Many Overwatch players were frustrated that heroes in the sequel won’t be free for everyone like they are in the first game, limiting your ability to swap heroes mid-match. Blizzard’s reasoning for the change was that most people don’t swap and that the game is designed so that you don’t have to as often. Despite this, a new ability that encourages you to change heroes suggests that it will remain an important part of the game.
Blizzard detailed a list of balance changes coming to Overwatch 2 when it launches free-to-play in a few weeks. Many of the changes are responses to feedback and testing from the game’s two closed betas and the ongoing professional play in the Overwatch League.
The biggest changes in the list are part of Overwatch 2’s new role passives, or buffs given to all heroes across its three roles: tank, damage, and support. In the June beta, damage characters—the most popular role in the game—were given a passive that lets them keep up to 30% of their ultimate charge when the player swaps from one hero to another. This helps encourage players to swap to a better hero when the situation calls for it.
Now, every role will have this passive. If Reinhardt isn’t cutting it but you’ve built up 80% of his ult, you can now swap over to Roadhog and start at 30% charge. Mercy players can put the staff down and pick up Lucio and not reset their progress, too. In the post, Blizzard said the change was requested by players. “After continued testing, we agree, and are making a change so the entire roster should have access to the hero swap passive as we launch,” Blizzard wrote.
The ability encourages players to engage with Overwatch’s hero swapping metagame, where heroes have rock-paper-scissors interactions that can be countered on-the-fly: if one hero gets countered by another, you can always switch on your next respawn.
Blizzard giving players more reasons to swap heroes is a bit surprising given that, just last week, while defending its decision to lock new heroes behind the freemium battle pass and potentially disrupt this strategy, it said most players simply don’t swap. Game director Aaron Keller told PC Gamer in a group interview that “when you look at the data, of how often people switch heroes and how many heroes they typically play at one time, the majority of our players play a relatively small number of heroes.”
(Image credit: Activision Blizzard)
Blizzard’s argument is, essentially, that it’s not a big deal if players don’t have access to every hero, because most just stick to a few mains anyways.
“You look at how people are actually playing the game there, [and] they’re using a couple of heroes for most of how they play,” commercial lead and VP of Blizzard Jon Spector said in the same interview. “And then sometimes they’ll swap and they’ll add in a couple more heroes. And so when we go and we say, ‘Is it actually going to impact the play experience if someone has 34 out of 35 heroes?’ When we look at the data, we feel really confident that it’s not going to.”
Keller explained that the team is “trying to take some of those really hard rock-paper-scissors interactions out of the game,” and consolidate those tactical options on individual heroes.
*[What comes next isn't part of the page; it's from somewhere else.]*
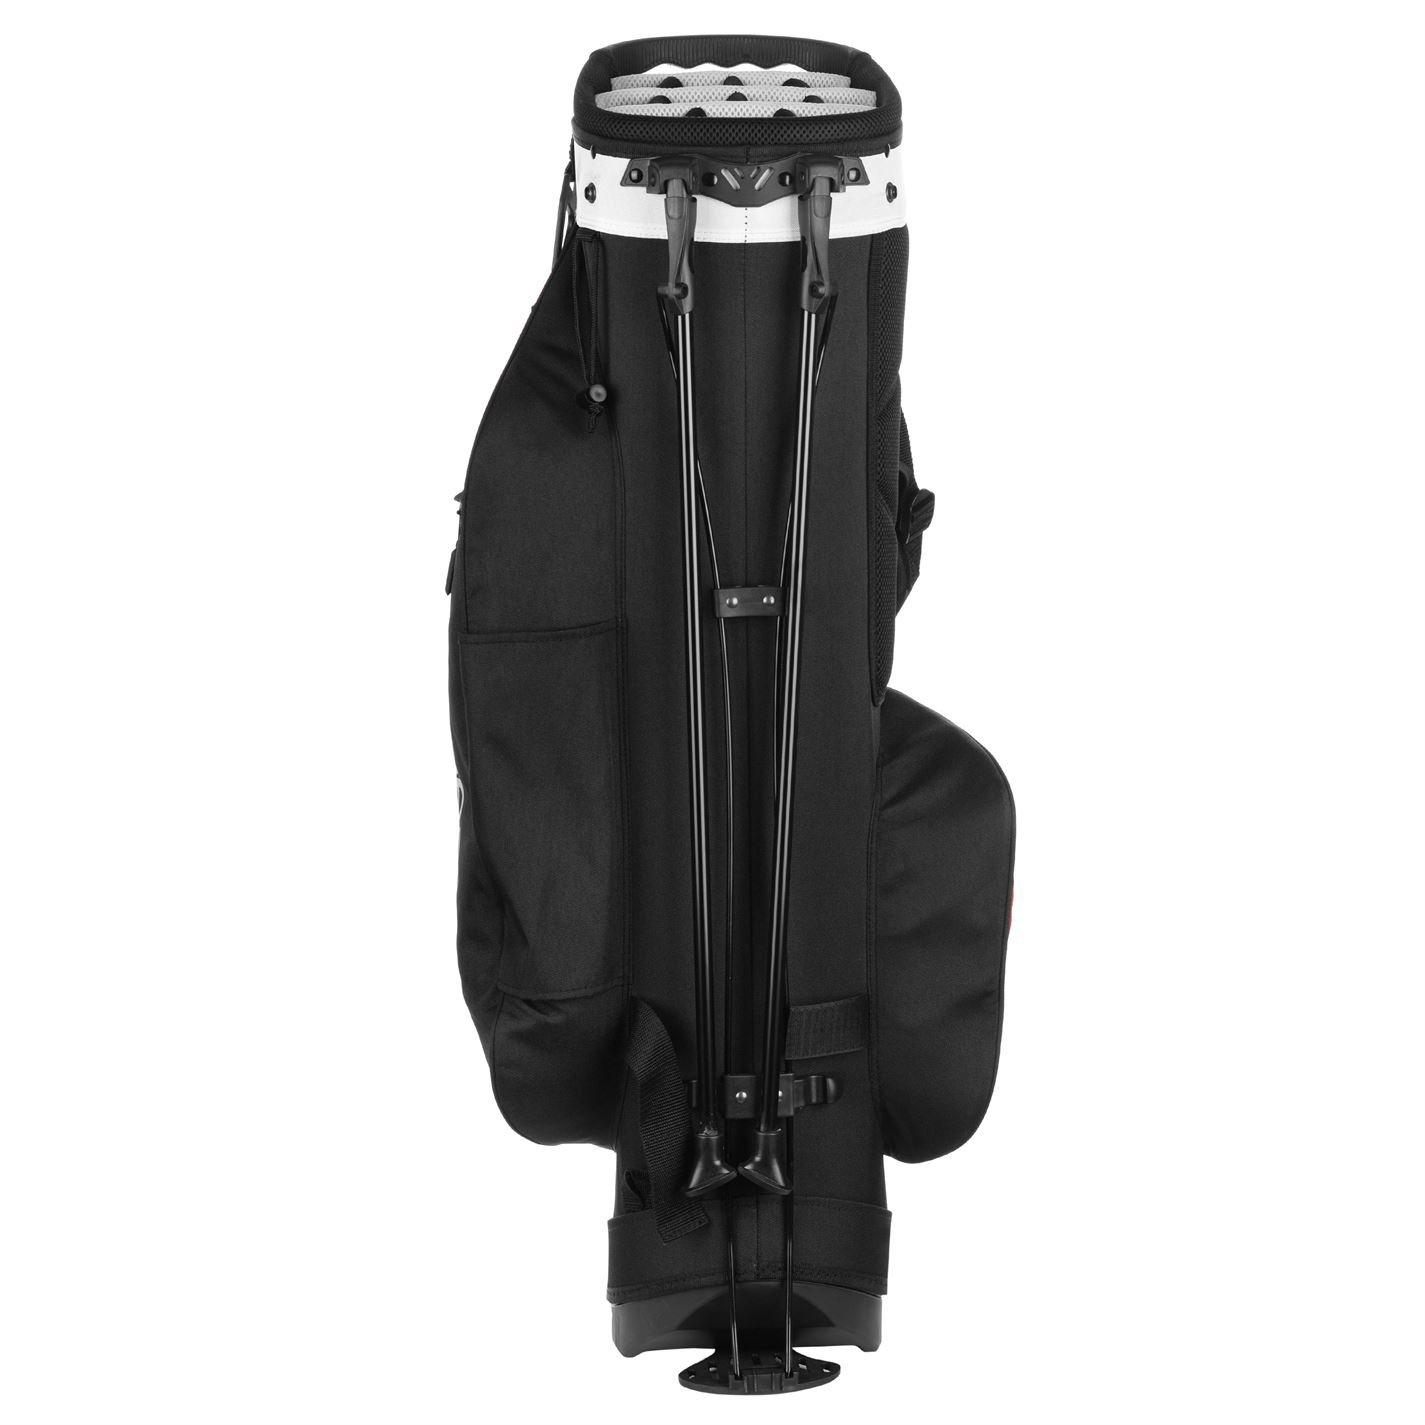 Slazenger Unisex V Series Original Bolsa de palos de golf ...

With the new passive ability, Blizzard seems to be trying to have it both ways: Hero swapping is evidently still important enough to encourage with a new hero passive, but it’s also no big deal to the type of players who will grind for weeks (or pay $10 seasonally) to have a complete roster.
Despite losing its lead hero designer earlier this year, Overwatch 2 plans to release heroes at a fast rate: one every other nine-week season, with new support hero Kiriko at launch and a new tank in December. Overwatch 2 will release and replace the original game on October 4.